§ **Records**
####
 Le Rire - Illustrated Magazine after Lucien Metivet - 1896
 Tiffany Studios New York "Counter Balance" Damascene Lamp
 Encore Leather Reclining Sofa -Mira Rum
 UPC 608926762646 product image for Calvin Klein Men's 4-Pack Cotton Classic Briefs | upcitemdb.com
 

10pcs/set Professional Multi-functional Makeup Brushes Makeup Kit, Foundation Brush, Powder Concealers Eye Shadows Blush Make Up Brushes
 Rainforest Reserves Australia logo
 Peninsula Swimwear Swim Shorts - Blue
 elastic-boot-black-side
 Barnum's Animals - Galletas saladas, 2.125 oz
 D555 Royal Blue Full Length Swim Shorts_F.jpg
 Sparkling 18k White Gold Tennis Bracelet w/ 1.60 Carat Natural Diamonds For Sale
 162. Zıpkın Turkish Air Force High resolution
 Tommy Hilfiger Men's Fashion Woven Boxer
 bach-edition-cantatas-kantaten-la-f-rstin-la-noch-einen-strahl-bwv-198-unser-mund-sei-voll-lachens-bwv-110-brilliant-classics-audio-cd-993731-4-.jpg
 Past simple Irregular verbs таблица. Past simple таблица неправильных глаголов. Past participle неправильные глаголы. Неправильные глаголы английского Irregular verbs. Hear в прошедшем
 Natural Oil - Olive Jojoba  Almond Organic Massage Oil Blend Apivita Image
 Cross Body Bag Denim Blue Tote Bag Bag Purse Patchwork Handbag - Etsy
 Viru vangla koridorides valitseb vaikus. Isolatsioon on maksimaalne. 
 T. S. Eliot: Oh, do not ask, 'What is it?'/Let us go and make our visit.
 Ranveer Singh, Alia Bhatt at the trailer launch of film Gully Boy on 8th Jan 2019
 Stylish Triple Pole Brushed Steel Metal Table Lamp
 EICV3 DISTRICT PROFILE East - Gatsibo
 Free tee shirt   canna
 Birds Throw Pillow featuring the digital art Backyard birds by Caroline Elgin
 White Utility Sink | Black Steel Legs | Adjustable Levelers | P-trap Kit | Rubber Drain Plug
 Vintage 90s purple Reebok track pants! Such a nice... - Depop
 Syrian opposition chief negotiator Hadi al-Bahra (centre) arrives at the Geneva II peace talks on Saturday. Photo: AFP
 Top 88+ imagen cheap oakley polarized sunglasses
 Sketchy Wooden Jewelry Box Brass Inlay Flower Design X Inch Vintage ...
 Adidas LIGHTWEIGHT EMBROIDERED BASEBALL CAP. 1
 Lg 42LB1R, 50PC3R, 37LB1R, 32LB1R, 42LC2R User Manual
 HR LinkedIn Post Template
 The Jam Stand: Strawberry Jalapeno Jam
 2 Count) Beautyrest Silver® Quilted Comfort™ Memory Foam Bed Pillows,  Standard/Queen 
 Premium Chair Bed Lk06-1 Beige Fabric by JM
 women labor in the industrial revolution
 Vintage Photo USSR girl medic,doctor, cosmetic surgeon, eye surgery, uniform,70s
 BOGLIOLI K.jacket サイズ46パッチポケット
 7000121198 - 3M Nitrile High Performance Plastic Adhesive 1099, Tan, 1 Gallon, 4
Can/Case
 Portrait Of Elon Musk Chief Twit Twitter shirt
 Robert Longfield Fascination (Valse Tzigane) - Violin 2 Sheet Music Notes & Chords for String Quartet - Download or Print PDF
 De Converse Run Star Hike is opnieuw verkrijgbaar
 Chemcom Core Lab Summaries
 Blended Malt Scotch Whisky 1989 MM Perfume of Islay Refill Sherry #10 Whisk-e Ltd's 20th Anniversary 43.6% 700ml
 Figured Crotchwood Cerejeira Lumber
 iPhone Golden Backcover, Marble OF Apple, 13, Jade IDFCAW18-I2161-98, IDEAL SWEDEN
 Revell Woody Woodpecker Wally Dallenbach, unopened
####
With the line that has "Rainforest Reserves Australia logo" as the first and the line that has "162. Zıpkın Turkish" as the last, repeat exactly that run of lines above and no more.

§ **Result of this task**
 Rainforest Reserves Australia logo
 Peninsula Swimwear Swim Shorts - Blue
 elastic-boot-black-side
 Barnum's Animals - Galletas saladas, 2.125 oz
 D555 Royal Blue Full Length Swim Shorts_F.jpg
 Sparkling 18k White Gold Tennis Bracelet w/ 1.60 Carat Natural Diamonds For Sale
 162. Zıpkın Turkish Air Force High resolution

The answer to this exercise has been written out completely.